安井 茜1寺岡 睦2京極 真2 (1日本赤十字社愛知医療センター名古屋第一病院リハビリテーション部,2吉備国際大学大学院保健科学研究科)

背景と目的
 医療現場ではチーム医療を行う中で,医療スタッフ間の価値観の相違や業務の増大から,対立がエスカレートし,医療現場の疲弊や実践の空洞化につながる場合がある.近年でも医師が頂点のヒエラルキーの存在や医療父権主義といった従来の医療モデルが深く根付いていることにより,クライエントと医療者間でも対立のエスカレーションが起こりうる.エスカレーションとは,経過に伴い状況が悪化するプロセスのことを指す.信念対立が発生すると心身の健康を損なうおそれがあり,チーム医療の機能不全や医療崩壊を招くことも指摘されていることから,本研究の目的は,医療現場に勤務する作業療法士が体験する信念対立のエスカレーションを質的に明らかにすることとした.
対象と方法
 本研究は吉備国際大学の研究倫理審査委員会の承認を受け,実施された(受理番号20-28).研究協力者に本研究の主旨を書面にて説明し,同意が得られた方を対象とした.対象は,関心相関的サンプリングを用い,医療現場に勤務する作業療法士で,信念対立のエスカレーションを約1年以内に体験した方とした.研究デザインは構造構成的質的研究法を用い,半構造化インタビューを実施した.データ分析には,Steps for Cording And Theorizationを用いた.
結果
 対象者は3名(すべて男性)であった.インタビューから47の理論記述と143個のテーマ・構成概念が得られた.信念対立の相手は,A氏が看護師と介護福祉士,B氏が精神保健福祉士,C氏が理学療法士の上司であった.対象者のテーマ・構成概念から2名以上に共通するテーマを見出し,信念対立のエスカレーションモデルを作成した.共通テーマは【】で示した.

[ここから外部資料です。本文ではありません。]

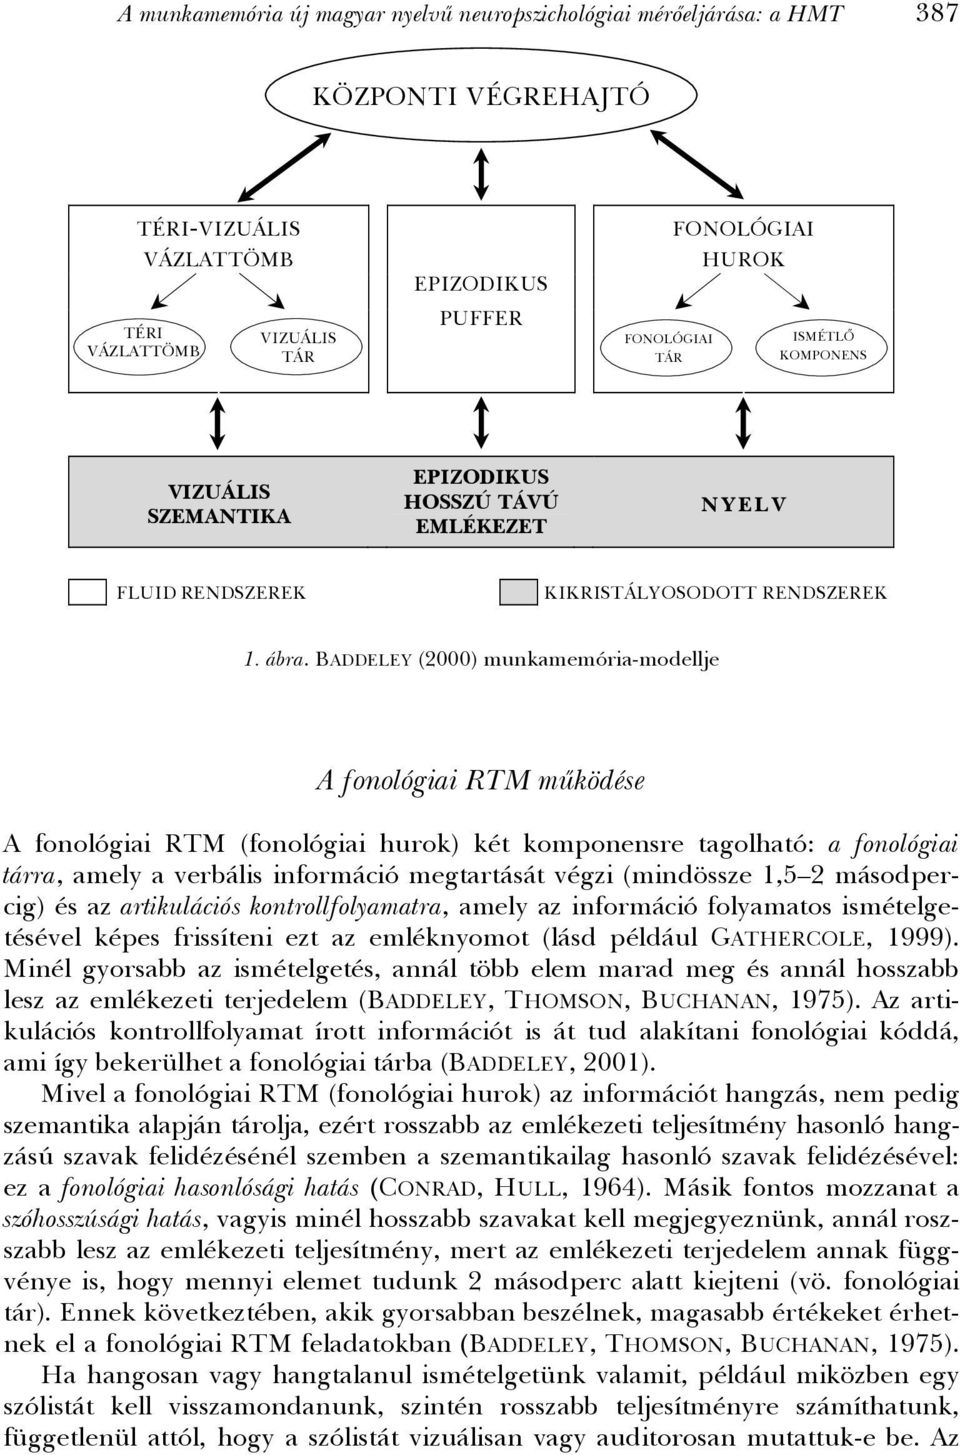 BADDELEY (2000) munkamemória-modellje A fonológiai RTM működése A fonológiai RTM (fonológiai hurok) két komponensre tagolható: a fonológiai tárra, amely a verbális információ megtartását végzi

 対象者の信念対立のエスカレーションは,他職種との【権力による信念対立】であった.作業療法士は【不平等な権力構造】のもとで,【信念対立の気配の察知】をしながらも【歩み寄りへの期待】を持ち合わせていたが,【役割や専門性の曖昧さによる衝突】を繰り返すことで【不信感の増強】した状態となり,【決定的な価値観の相違の痛感】に至った.その後,双方の【敵視や反発】,【不条理な権力の行使】により【失望や落胆】を体験し,【満身創痍】や【休職や退職の決意】へと至った.その中心的構造には【確信構造の強化】があった.さらに,エスカレーションを加速させる要因として,【次の問題を生み出す問題解決行動】,【対処法が持つ加害性に対する無自覚】,【周囲からの孤立】,【対処法による問題への加担】がみられた.
考察
 本研究で明らかになった知見は,確信構造の強化のグレード,問題解決行動の失敗,他職種との権力による信念対立のエスカレーションであった.作業療法士が体験する信念対立のエスカレーションの中心的構造には【確信構造の強化】があった.メタ認知を用いて【確信構造の強化】を認識することが信念対立のエスカレーションの対策に有効だと考えられる.
 次に,対象者は信念対立を解決しようと努力するが,解決行動が実を結ばず,共に問題を大きくしていった.信念対立のエスカレーションの状態では,第三者介入が必要であると考えられるが,不適切な信念対立の対処により信念対立のエスカレーションが加速するということが明らかになった.
 また対象者は,他職種との【権力による信念対立】を体験していた.信念対立がエスカレートすると【満身創痍】となり,【休職や退職の決意】に至るという見通しを持つことが大切である.信念対立のエスカレーションを加速させないためには,高度なコミュニケーション能力が必要であると考えられる.